Ieri re Carlo III ha rivolto un discorso al parlamento italiano. La sua visita riempie i palinsesti. In un momento di instabilità, offre certezze

Se mio padre, monarchico convinto, fosse ancora vivo oggi, sarebbe stato contento.

La visita dei reali di Gran Bretagna è un segno tangibile di come le teste coronate riescano a prendersi comunque spazio nei media e nella pubblica opinione come esempio di stabilità ed identità rispetto al caos mondiale che a livello politico trionfa ovunque, soprattutto in questi giorni.



Pensiamoci: alla fine, dare spazio nei Tg come sui tabloid a re, regine e principesse non è solo questione da cronaca rosa, ma anche un tentativo più o meno evidente di tranquillizzare la pubblica opinione che non sa più a chi e a che cosa credere, preoccupata e anche sconcertata per l’atteggiamento di persone che pur sono al vertice del mondo ma che – come Trump – sembrano dei veri buzzurri, indipendentemente dall’importanza della loro carica.



Se Re Carlo III parla (in italiano) alle Camere riunite, difficile non ricordare che prima di lui a farlo sono stati soltanto degli altri sovrani (come Juan Carlos e Felipe di Spagna), oltre a Giovanni Paolo II che –  in fondo – era però anche lui un “regnante” sia pur di ben diverso significato.

Perché allora correre dietro alla monarchia, anche in Paesi come il nostro dove non c’è più da quasi ottant’anni?

Perché, anche se un sovrano “regna ma non governa”, forse identifica in sé la nazione, il popolo, lo Stato, trasmettendo un messaggio in fondo rassicurante di continuità e dell’essere “super partes”, ben attento (di solito) a non affondare nella palude politica interna ed internazionale.
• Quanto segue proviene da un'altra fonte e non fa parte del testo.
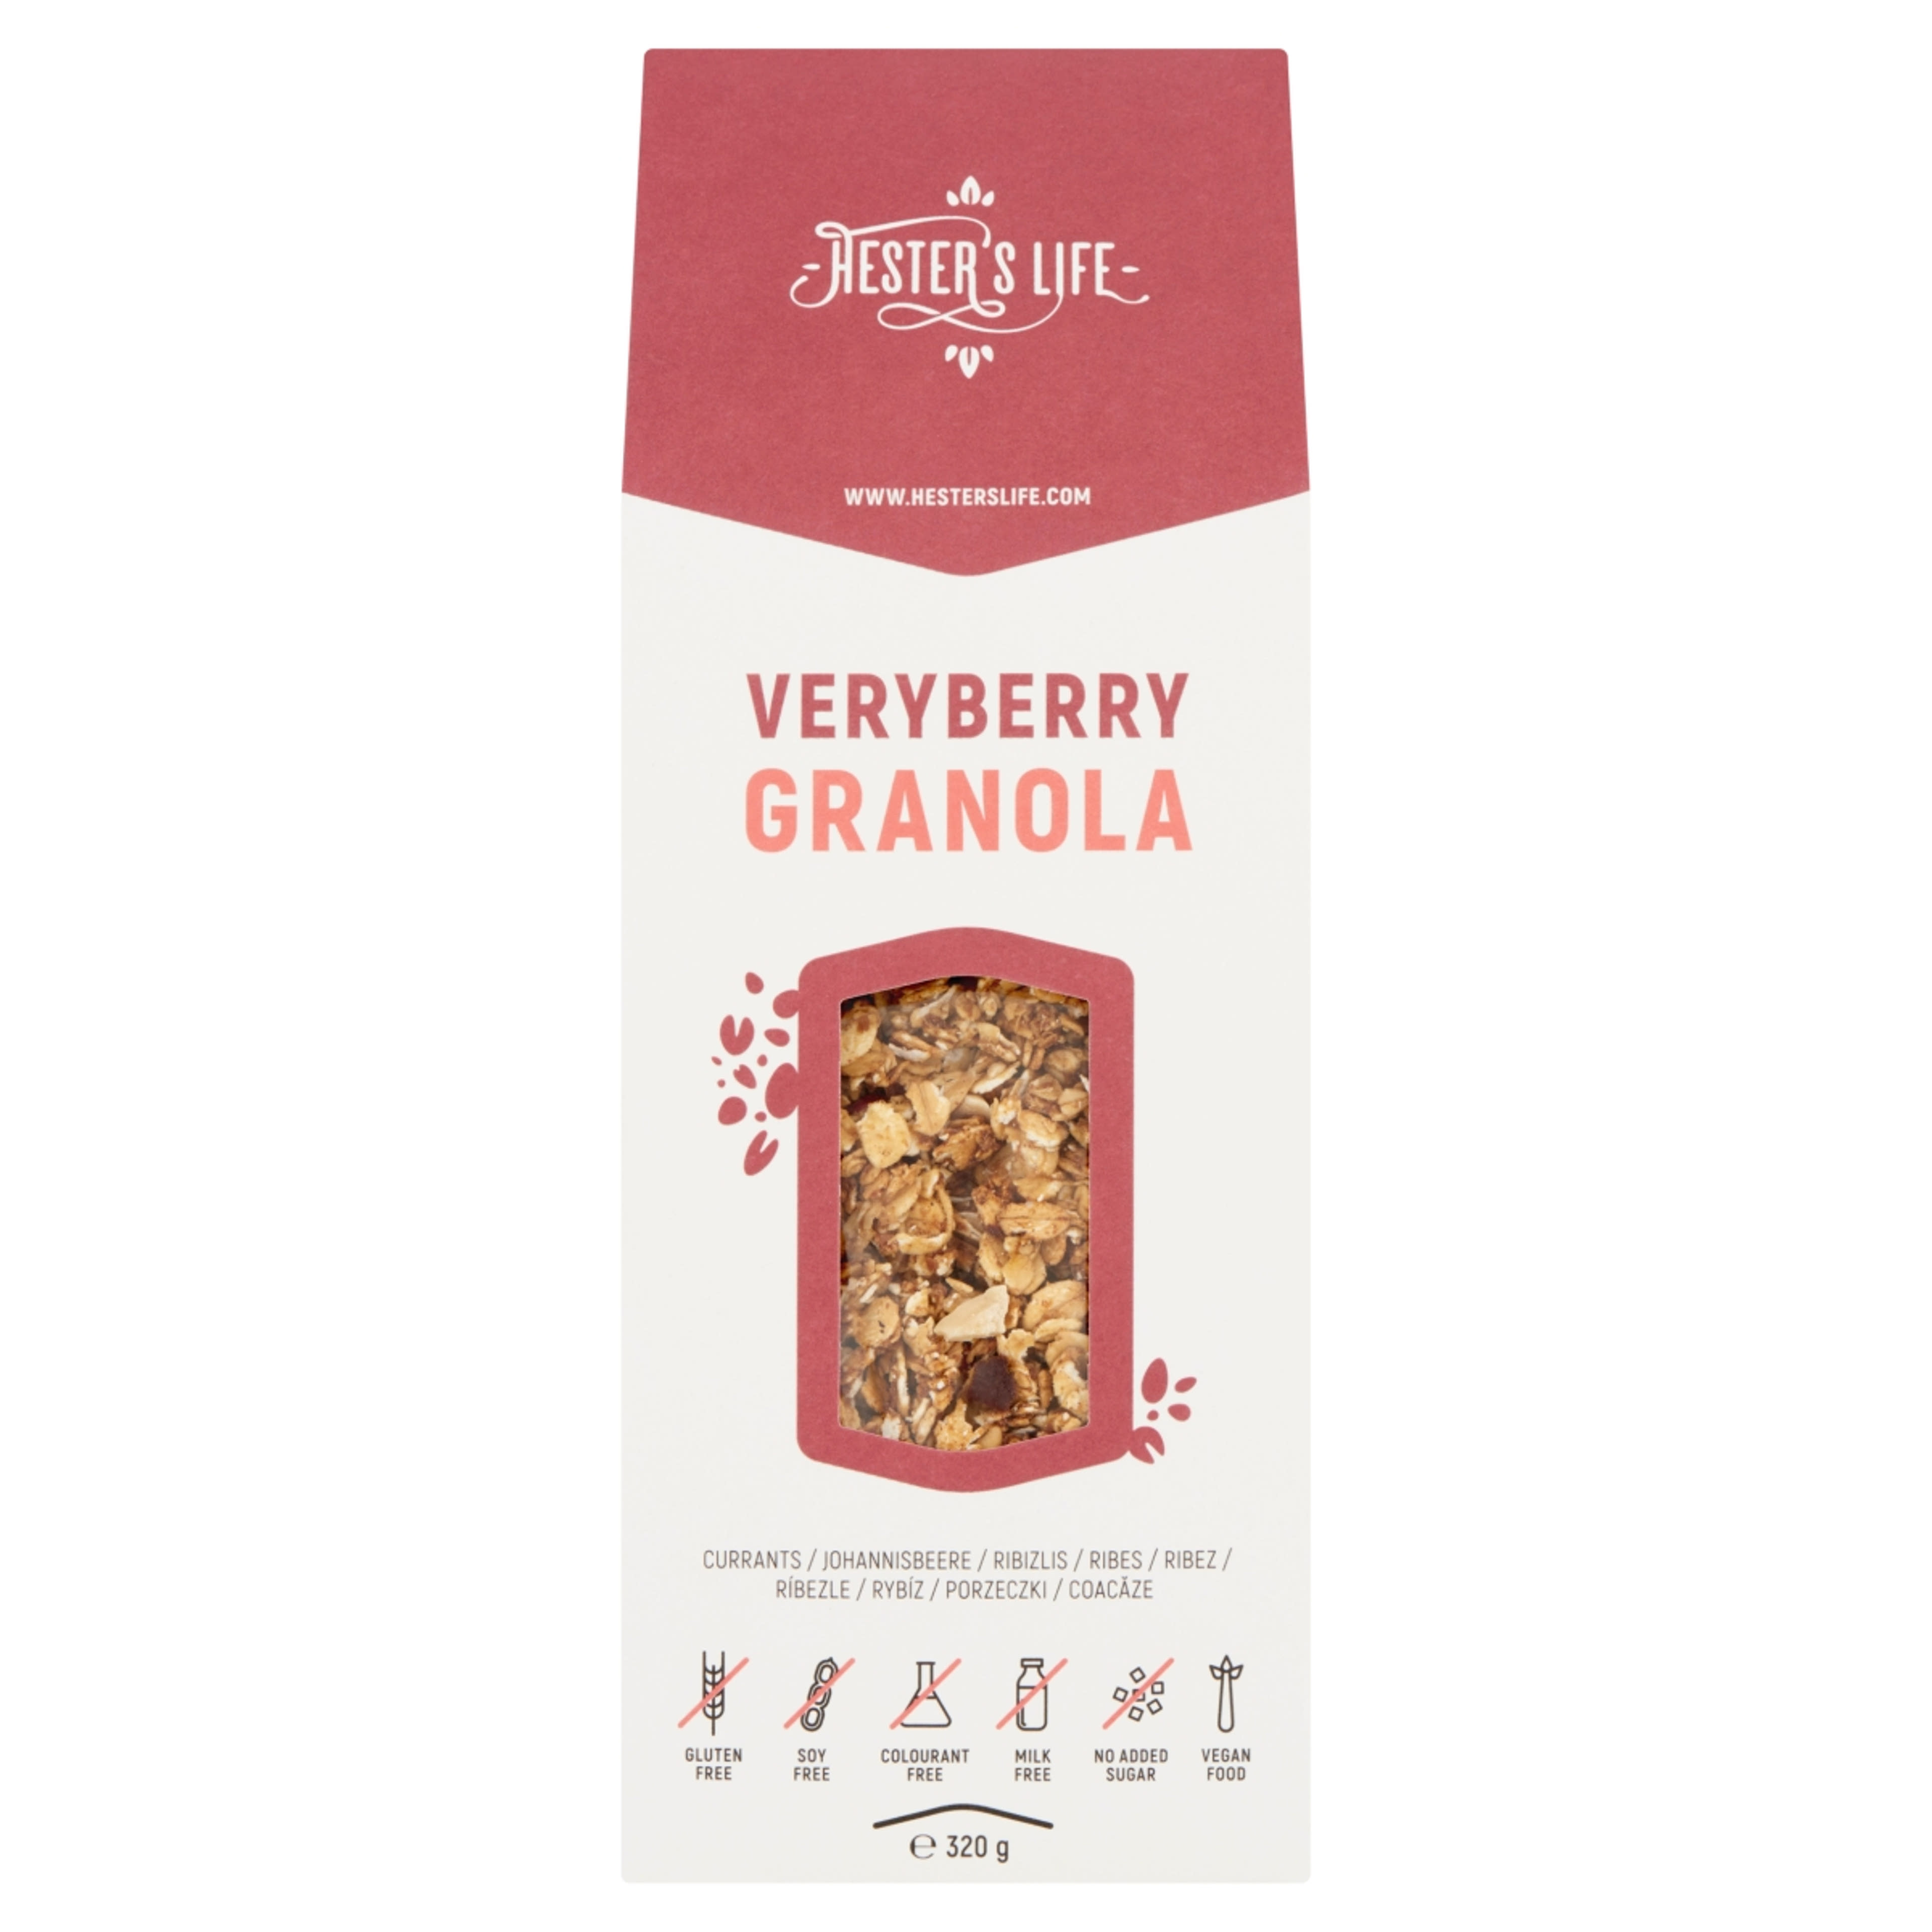 Hester's life veryberry granola - 320 g-1

Questo aspetto è diventato forse il più importante “valore aggiunto” dell’istituzione monarchica, che per altri versi appare invece fuori dal tempo, ma che torna prepotente a proporsi in parallelo allo sfascio di troppe nazioni dove – a parte quelle in cui i “presidenti” sono di fatto dittatori – i vertici dello Stato non sembrano in grado di raccogliere grandi simpatie nonostante siano spinti da media amici.
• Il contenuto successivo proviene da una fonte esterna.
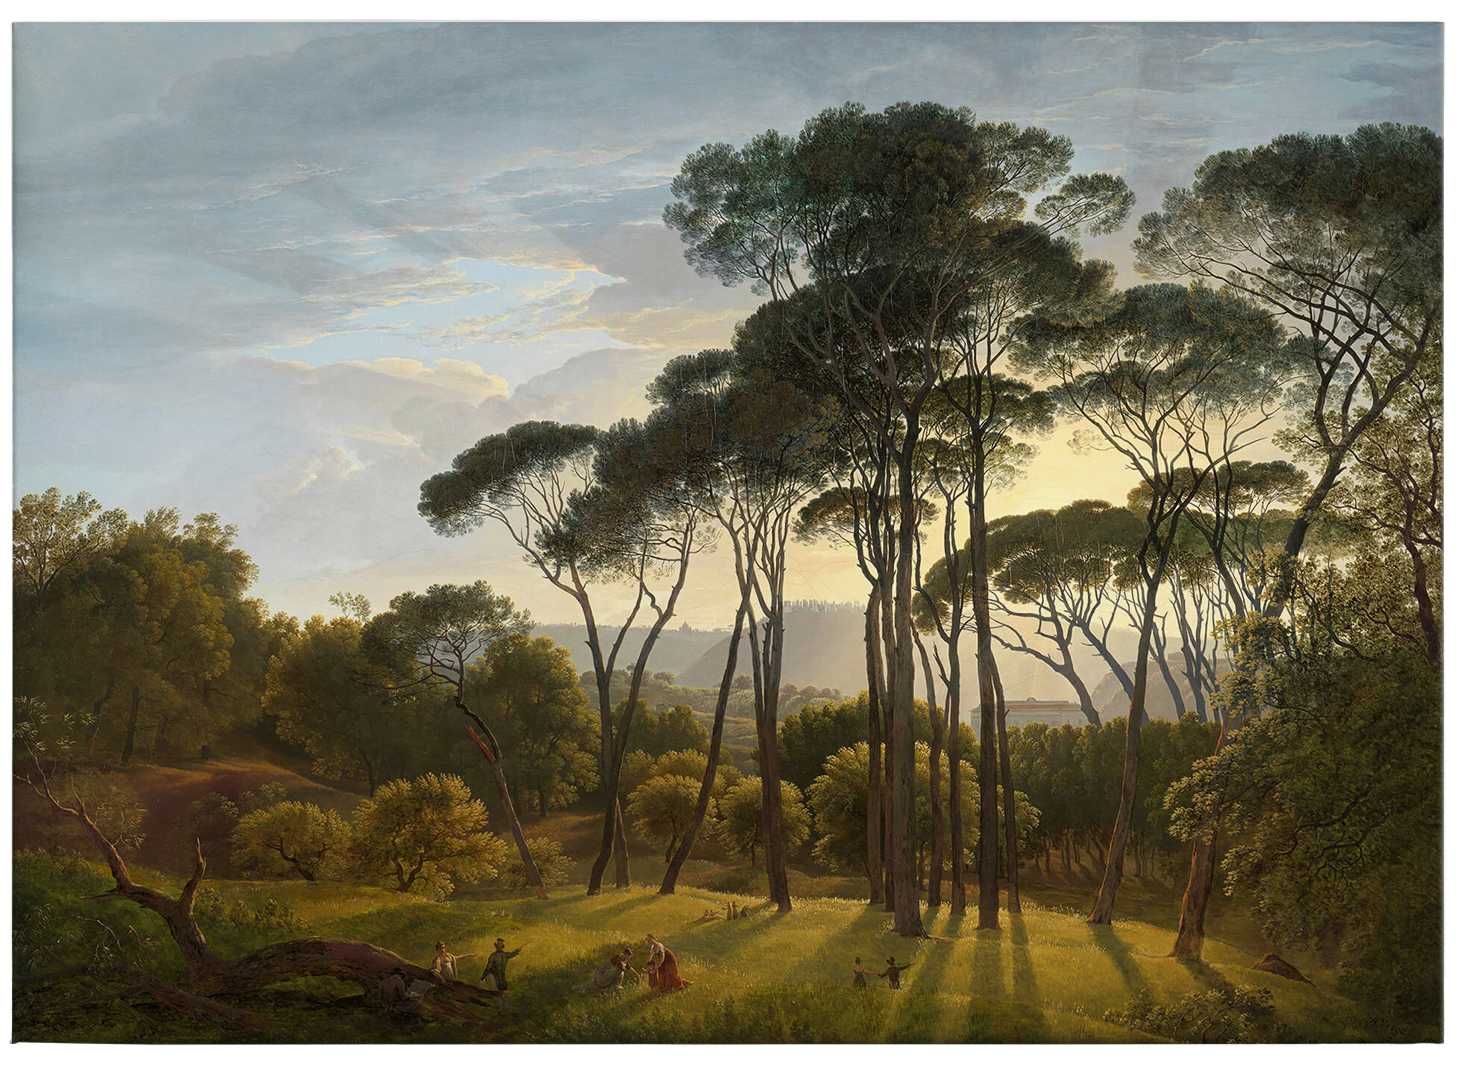             Canvas print Italian landscape by Voogd

Nelle repubbliche presidenziali si può almeno parlare di un iniziale appoggio popolare, in quelle parlamenti troppo volte i presidenti sono eletti da maggioranze risicate e partigiane, quando non addirittura il cambiare dei governi pone in scontro diretto governo e presidenze aprendo crisi istituzionali profonde e conseguenti spaccature nell’opinione pubblica.

Non è stato facile per Carlo III superare le diffidenze e le accuse, sia per il suo passato personale legato alla principessa Diana e all’attuale regina Camilla, sia per la pesante eredità lasciata da sua madre Elisabetta, che aveva trasformato la monarchia inglese in un mito di trascendenza e di stile difficilmente eguagliabile.
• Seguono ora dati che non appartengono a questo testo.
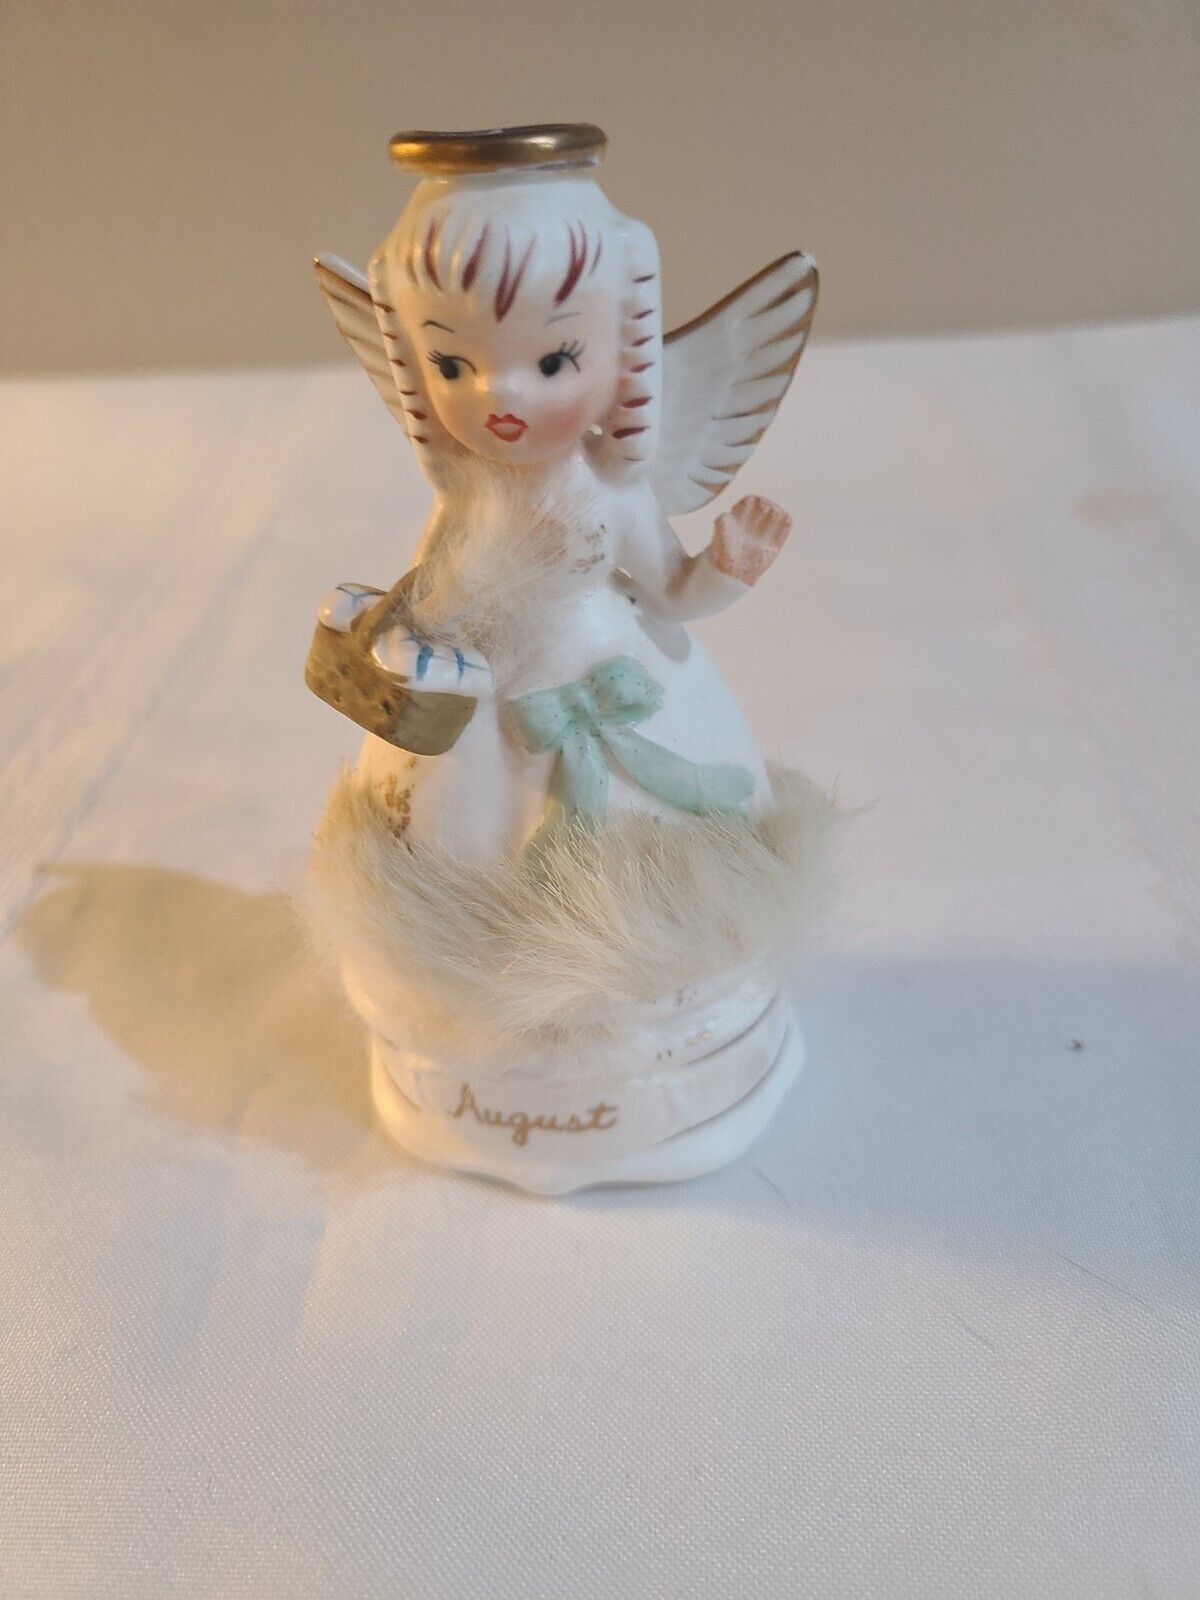 Vintage August Angel Birthday Figurine Fur Trim NAPCO Japan 1950s A4588

Eppure questo re, che sembrava rimanesse per sempre senza corona, ha riguadagnato spazio dimostrando di avere imparato bene “il mestiere di re” superando scandali, divisioni e situazioni ben difficili da gestire. Forse perché i re moderni “studiano da re” fin dall’infanzia e non vengono eletti all’ultimo momento da maggioranze parlamentari variabili e ondeggianti o dopo campagne elettorali divisive.

Insomma, serve “qualcosa d’altro” a cui pensare rispetto alle divisioni, le polemiche che dividono i Paesi, le Unioni e le opinioni pubbliche. E ora anche e soprattutto rispetto ai dazi: l’ultima guerra in odine di tempo, non meno reale delle altre, spiazzante perché sembra sfuggire a tutti i nostri schemi.

Ecco dunque un po’ di monarchia, a surrogare le certezze già terremotate dalla guerra in Ucraina e ora dalla guerra commerciale. Ci serve una realtà meno amara.